Identifying the same internet user across devices or over time is often infeasible. This presents a problem for online experiments, as it precludes person-level randomization. Randomization must instead be done using imperfect proxies for people, like cookies, email addresses, or device identifiers. Users may be partially treated and partially untreated as some of their cookies are assigned to the test group and some to the control group, complicating statistical inference. We show that the estimated treatment effect in a cookie-level experiment converges to a weighted average of the marginal effects of treating more of a user's cookies. If the marginal effects of cookie treatment exposure are positive and constant, it underestimates the true person-level effect by a factor equal to the number of cookies per person. Using two separate datasets---cookie assignment data from Atlas and advertising exposure and purchase data from Facebook---we empirically quantify the differences between cookie and person-level advertising effectiveness experiments.
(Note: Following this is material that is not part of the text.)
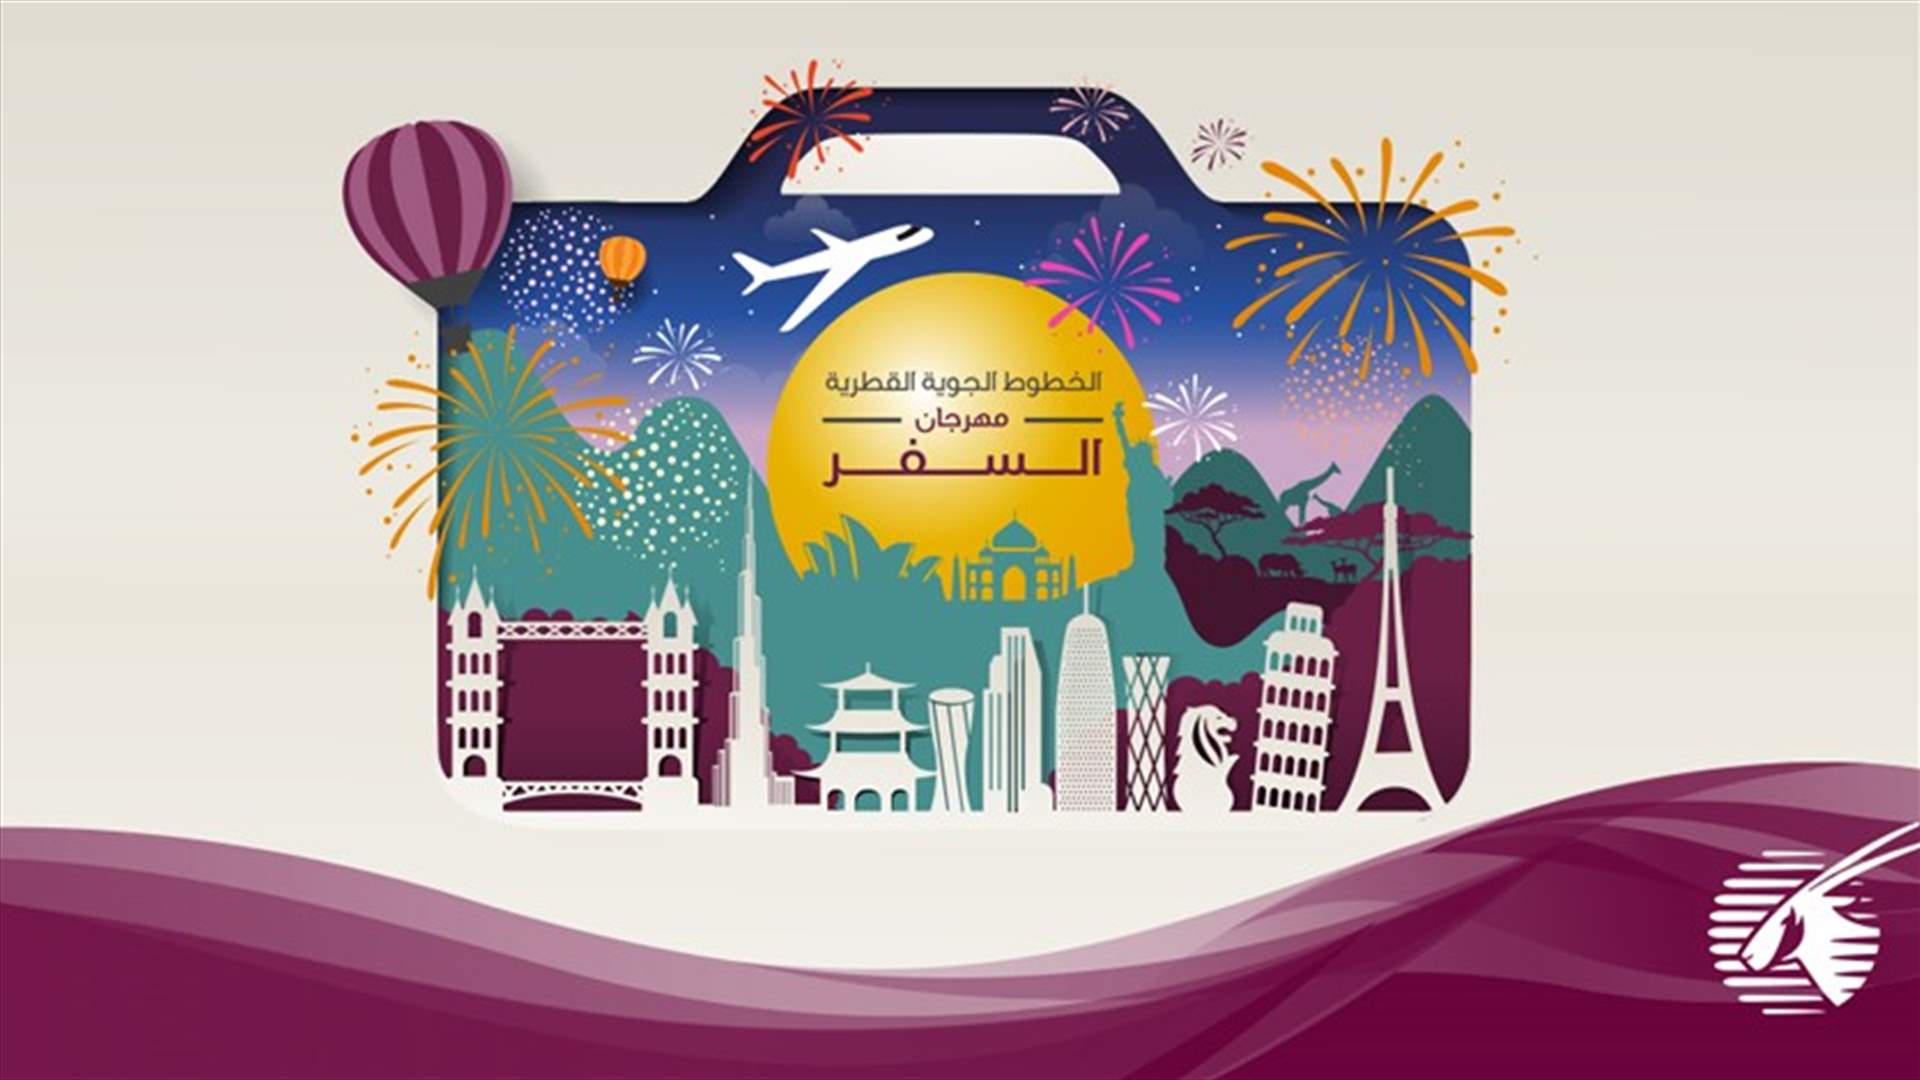 الخطوط الجوية القطرية تمنح المسافرين فرصة استكشاف العالم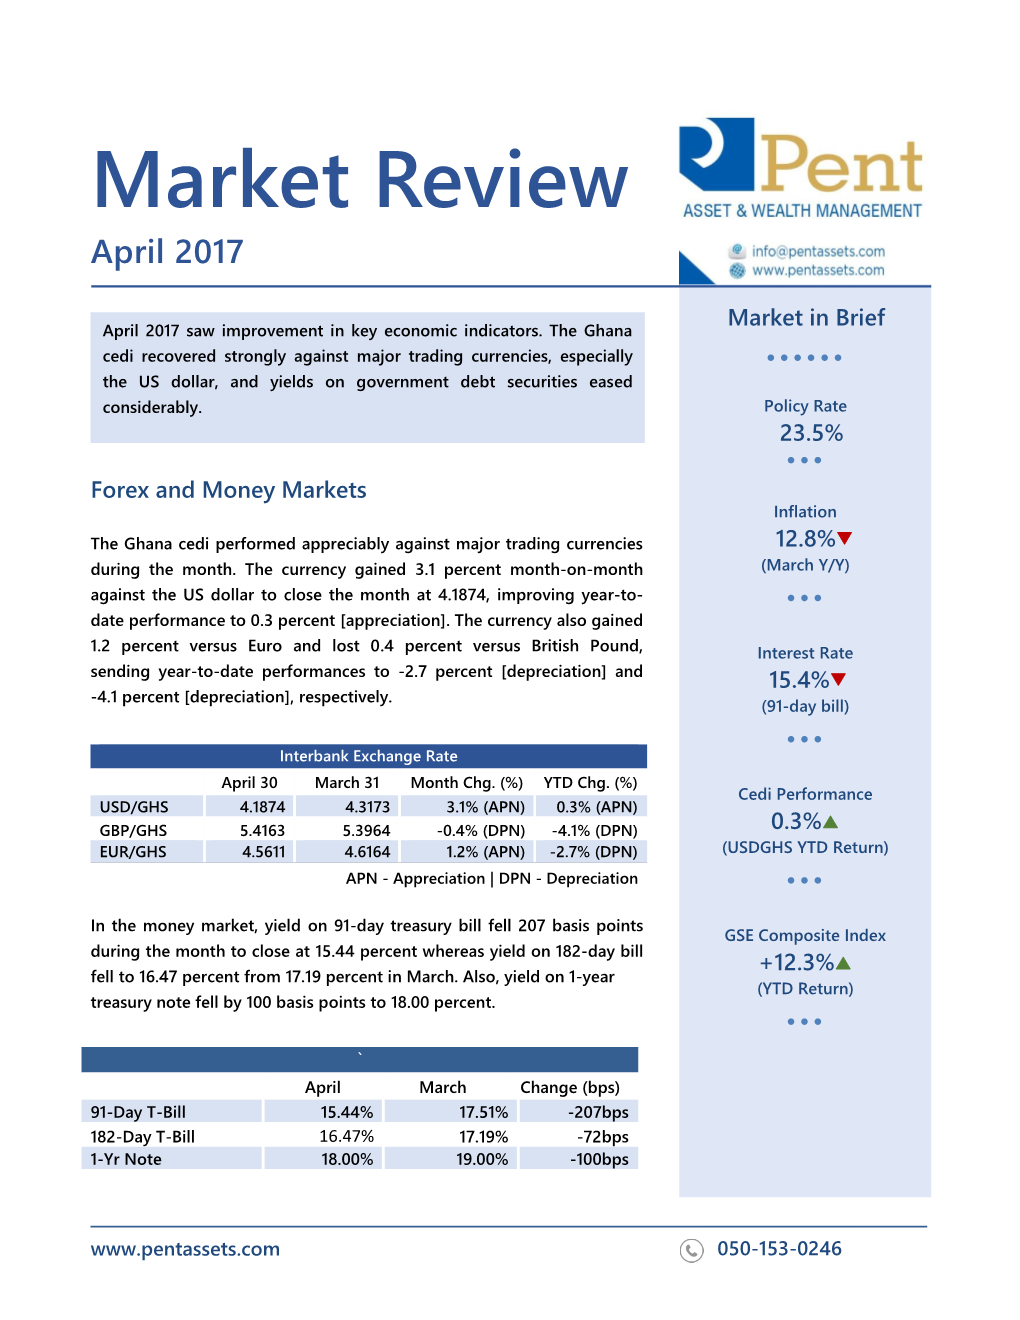 Market Review April 2017

The effects are substantial: cookie tests underestimate the true person-level effects by a factor of about three, and require two to three times the number of people to achieve the same power as a test with perfect treatment assignment.
人与饼干:在线实验中的不完美处理分配
识别跨设备或跨时间的同一互联网用户通常是不可行的。这对在线实验提出了一个问题,因为它排除了个人水平的随机化。随机化必须使用不完美的代理来代替,比如cookie、电子邮件地址或设备标识符。用户可能被部分处理,部分未处理,因为他们的一些cookie被分配给测试组,一些分配给控制组,这使统计推断变得复杂。我们表明,在cookie级别的实验中,估计的处理效果收敛于处理更多用户cookie的边际效应的加权平均值。如果饼干处理暴露的边际效应是积极和恒定的,它低估了真实的个人水平的影响,其系数等于每人饼干的数量。使用两个独立的数据集——来自Atlas的cookie分配数据和来自Facebook的广告曝光和购买数据——我们从经验上量化了cookie和个人层面广告效果实验之间的差异。效果是显著的:饼干测试将真实的个人水平效应低估了约三倍,并且需要两到三倍的人数才能达到与完美治疗分配测试相同的效果。
本文章由计算机程序翻译,如有差异,请以英文原文为准。